Twitter has added its
voice to those of Google, Microsoft and Facebook in calling on the US
government for the right to share more data with the public on how they
handle information requests.
Twitter general council Alex Macgillivray
said in a message on the site that he backed the calls as it would help
improve transparency.
His comment came after an open letter was
sent to the director of the FBI and the US attorney general Eric Holder
by Google asking to be allowed to share more data on the information
requests it receives from law enforcement.
Google wants permission to disclose the
details of those requests through its Transparency Report programme.
Currently, the report allows Google to tell the public limited
statistics on how many government data requests the company receives and
how many it grants.
Now, the company wants to also be able to
tell the public how far those data requests reach and to what extent
the requests are made through the Foreign Intelligence Surveillance Act
(FISA).
Google legal chief David Drummond said in
the letter: “Assertions in the press that our compliance with these
requests gives the US government unfettered access to our users’ data
are simply untrue.
“However, government non-disclosure
obligations regarding the number of FISA national security requests that
Google receives, as well as the number of accounts covered by those
requests, fuel that speculation.”
Microsoft and Facebook have joined the calls for greater transparency, in the face of growing anger over US snooping.
Microsoft said in a statement: "Our
recent report went as far as we legally could and the government should
take action to allow companies to provide additional transparency."

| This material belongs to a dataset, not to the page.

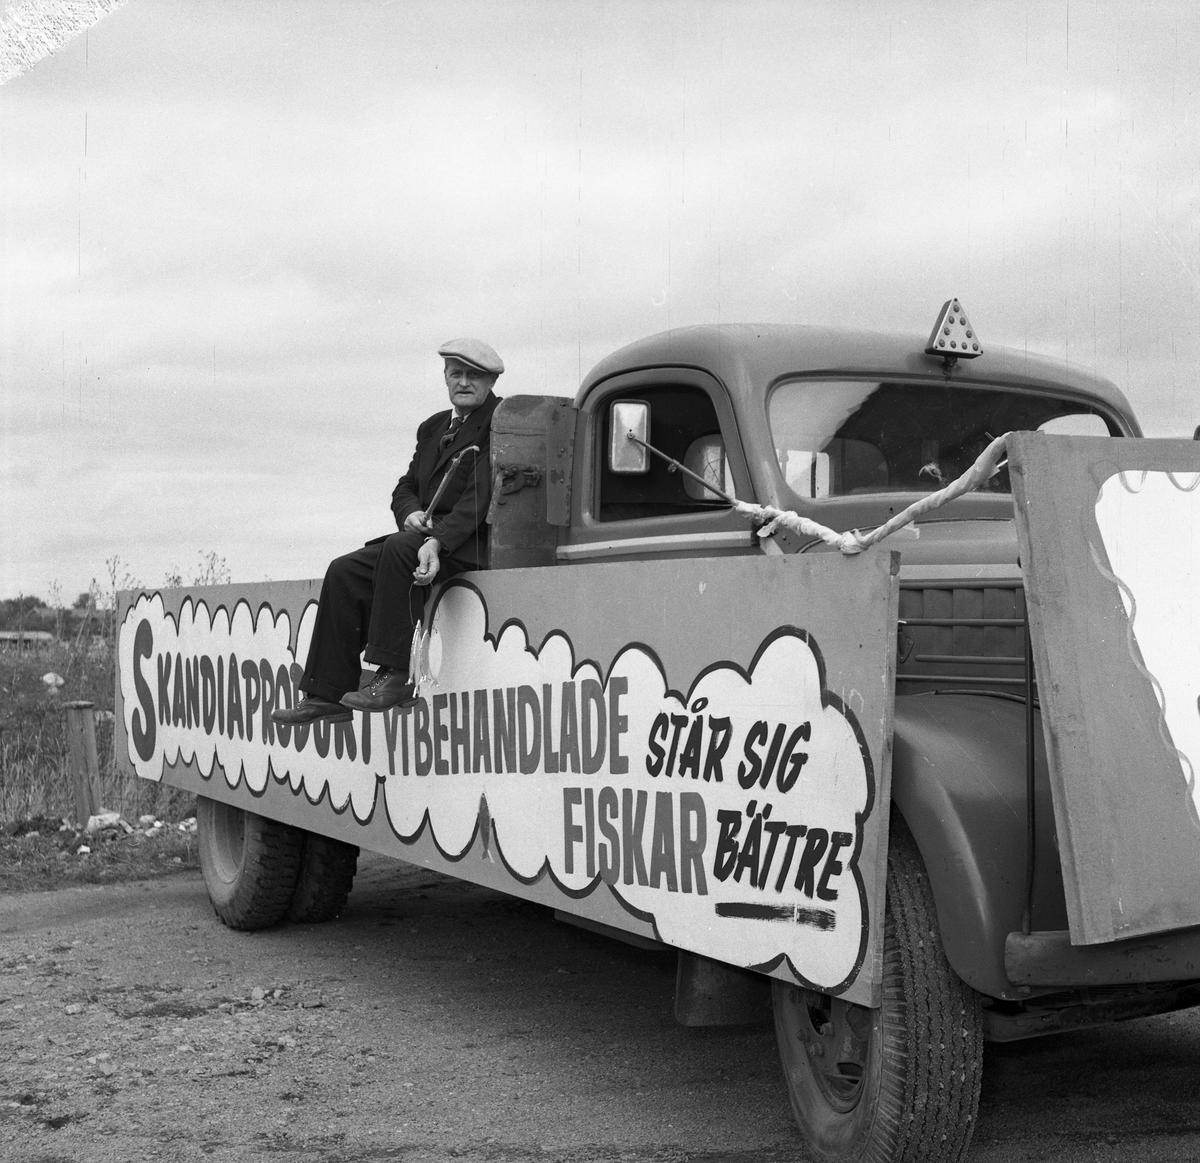 """Barnens Dags 30-årsjubileum. Severin Holm, kallad Seffran, Arbogas meste metare, sitter på ett lastbilsflak.  Bilden fanns med på en utställning 1985 samt i Reinhold Carlssons bok """"Arboga objektivt sett""""."""

Facebook also said in a statement that
greater freedom to share details of data requests would enable it to
provide users with "a complete picture of the government requests we
receive, and how we respond."
The tech giants have been aggressively
trying to distance themselves from the US government and its agencies
ever since word broke that the companies were contributors to the
controversial PRISM data archive.
All insisted they did not willingly
participate in helping to build the system and were only made aware of
PRISM when the first press reports surfaced. The release of the data by a
whistleblower who worked on contract with the NSA has sparked an outcry from privacy and civil rights groups.